In brief

  • Social media platform X has open-sourced its Grok-based transformer model, which ranks For You feed posts by predicting user actions without relying on hand-engineered features.
  • The GitHub repository includes all code determining organic and advertising post visibility, built in Rust and Python for modular retrieval and scoring.
  • The release follows owner Elon Musk's pledge to update the algorithm every four weeks, accompanied by comprehensive developer notes.

Elon Musk's social media platform X delivered on its promise to pull back the curtain on one of social media's most closely guarded secrets Tuesday, releasing the machine learning architecture that determines what posts appear in users' feeds.

"We have open-sourced our new 𝕏 algorithm, powered by the same transformer architecture as xAI's Grok model,” X's engineering team tweeted.

"We know the algorithm is dumb and needs massive improvements, but at least you can see us struggle to make it better in real-time and with transparency," Musk tweeted following the release. "No other social media companies do this."

The release follows through on a pledge Musk made last week when he posted that he would "make the new X algorithm, including all code used to determine what organic and advertising posts are recommended to users, open source in 7 days."

He promised updates would be "repeated every 4 weeks, with comprehensive developer notes, to help you understand what changed."

The GitHub repository details a Grok-based transformer model that ranks X’s ‘For You’ feed posts by predicting user actions like likes and replies, using end-to-end machine learning without hand-engineered features, built in Rust and Python for modular retrieval and scoring.

The algorithm retrieves content from two sources: in-network posts from accounts users follow and out-of-network posts discovered through ML-based retrieval, combining both through a scoring system that predicts engagement probabilities for each post.

Midhun Krishna M, co-founder and CEO of LLM cost tracker TknOps.io, said the open-source release could change industry standards.

"By exposing the Grok-based transformer architecture, X is essentially handing developers a blueprint to understand, and potentially improve upon, recommendation systems that have been black boxes for years," he told Decrypt. "This level of transparency could force other platforms to follow suit or explain why they won't."

“Creators can learn what works and adjust without blindly gaming the system, while clearer incentives benefit regular users and lead to better content,” he added.

When asked whether the open-source code could help users determine what makes posts go viral, Grok itself analyzed the algorithm and identified five key factors.

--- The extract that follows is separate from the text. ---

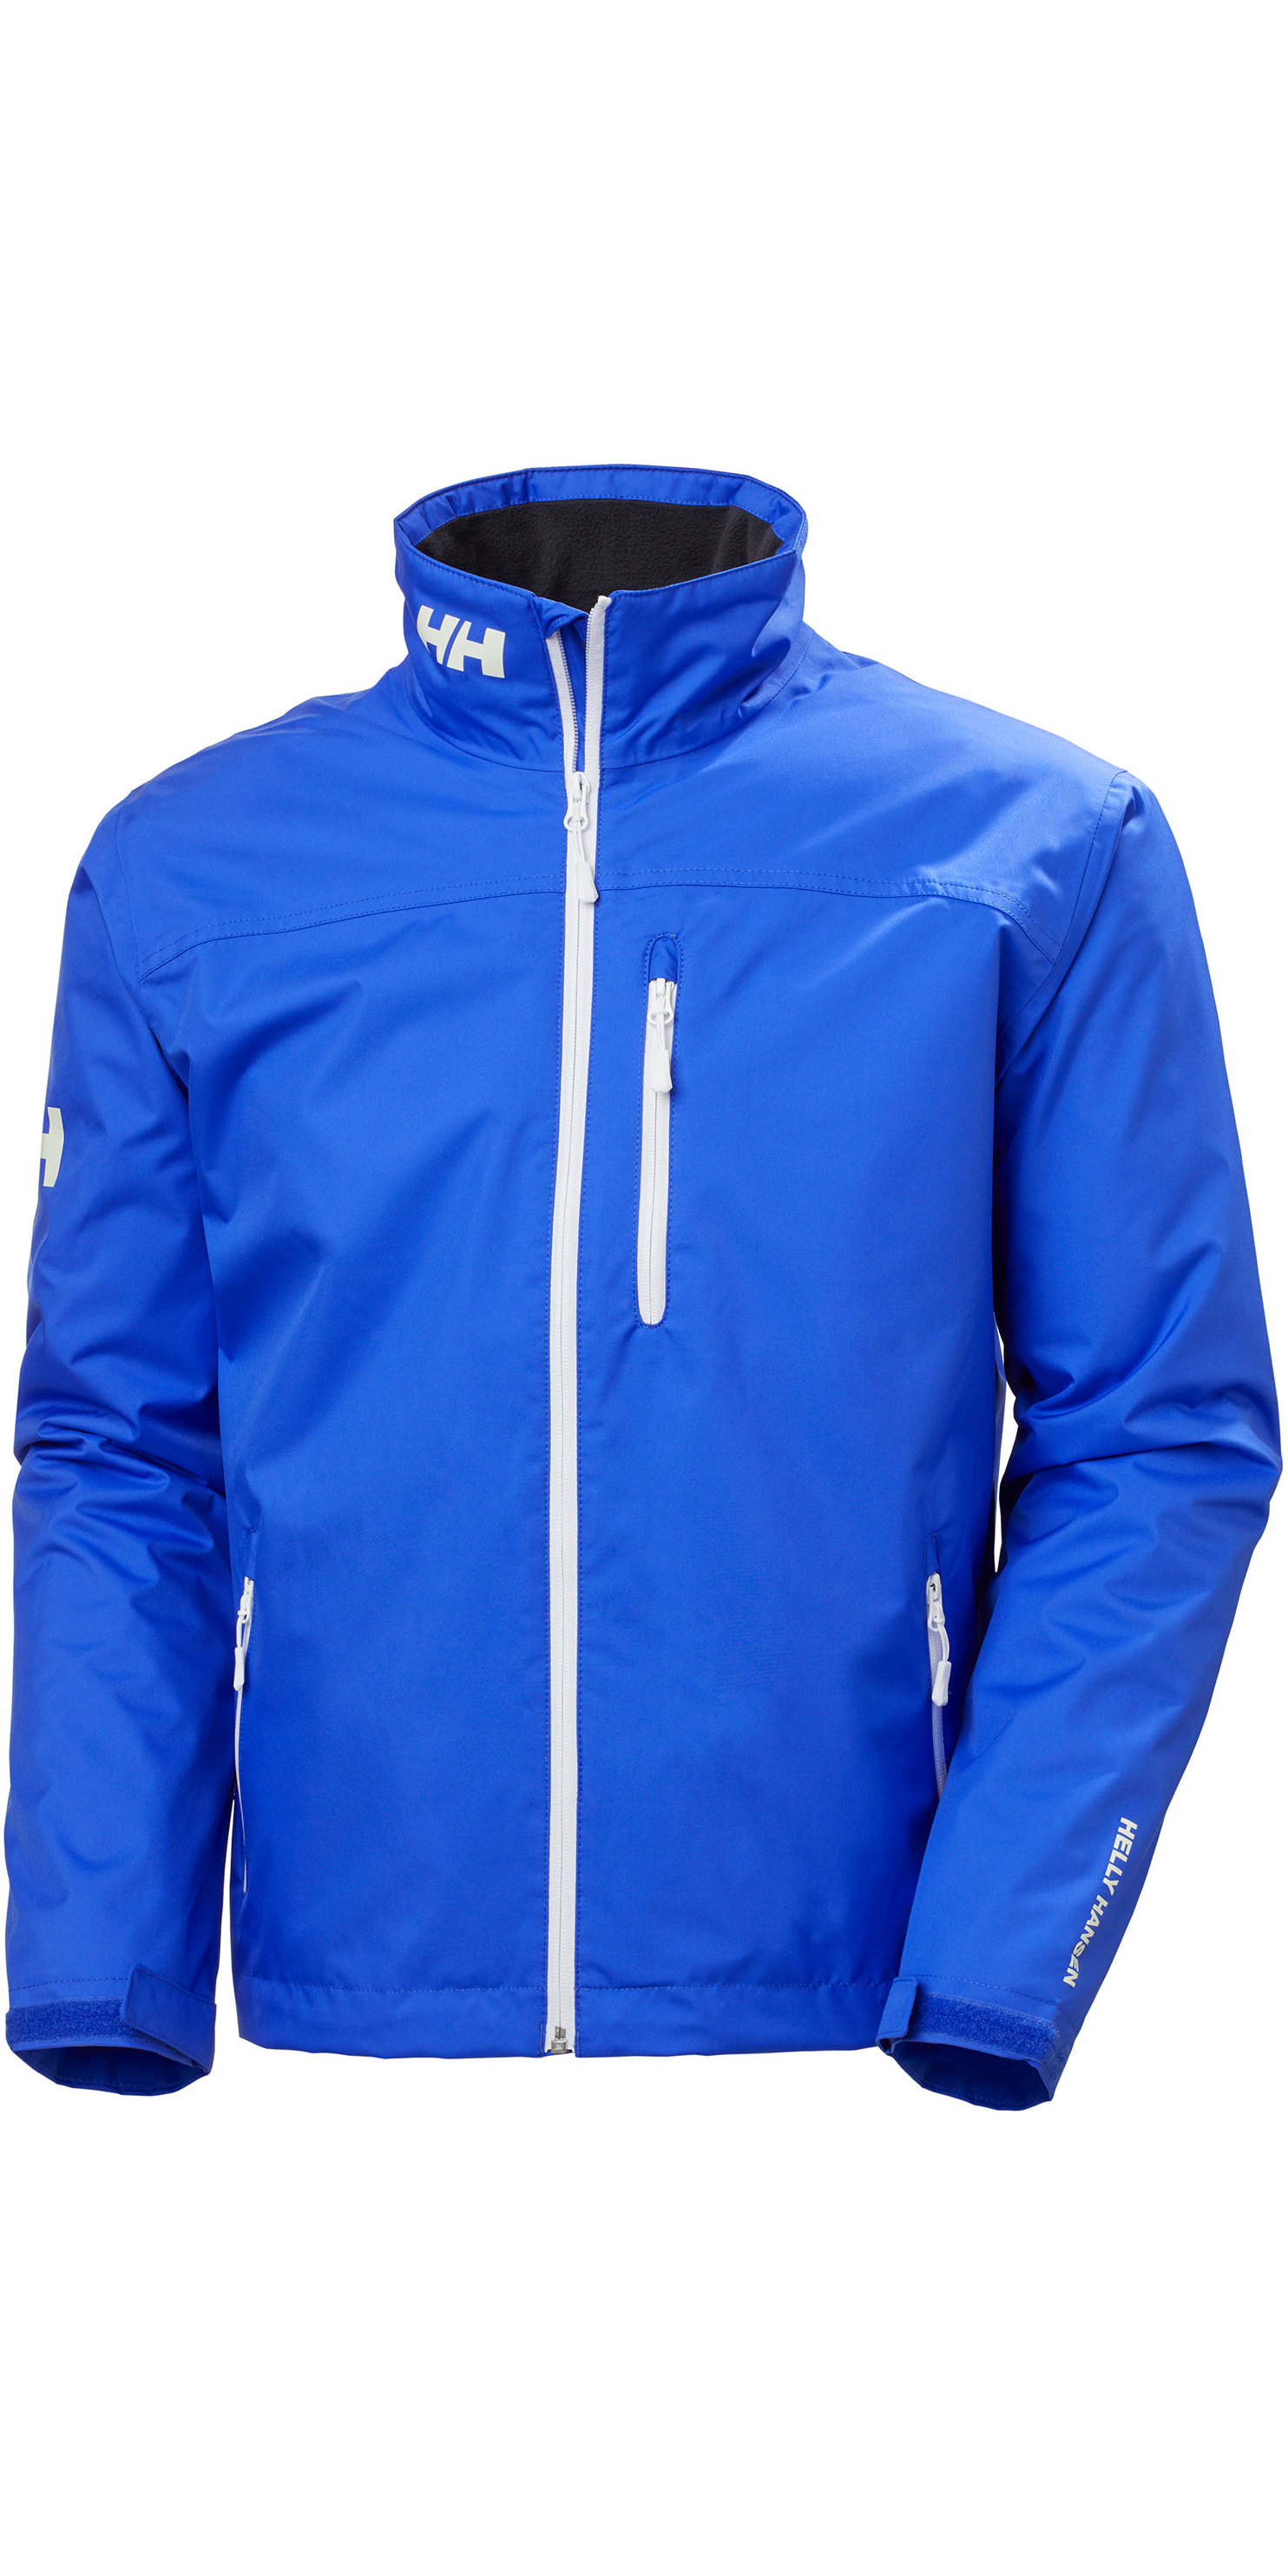 2020 Helly Hansen Mens Crew Midlayer Jacket 30253 Royal Blue Sailing Sailing Wetsuit Outlet

These include engagement predictions based on user history for likes and reposts, content novelty and relevance with timely personalized posts scoring higher, diversity scoring that limits repeated authors, a balance between followed accounts and ML-suggested posts, and negative signals from blocks and mutes that lower scores.

X under scrutiny

The release comes amid heightened scrutiny of X's AI initiatives, as last week, X revoked API access for InfoFi projects that rewarded users for platform engagement, with Head of Product Nikita Bier declaring the company would "no longer allow apps that reward users for posting on X" due to AI-generated spam concerns.

Recently, X restricted Grok's image generation and editing features to paid subscribers only and implemented technical measures to prevent editing images of real people after the chatbot was used to create non-consensual sexualized images, including those of minors, prompting regulators around the world to open investigations that could lead to enforcement action.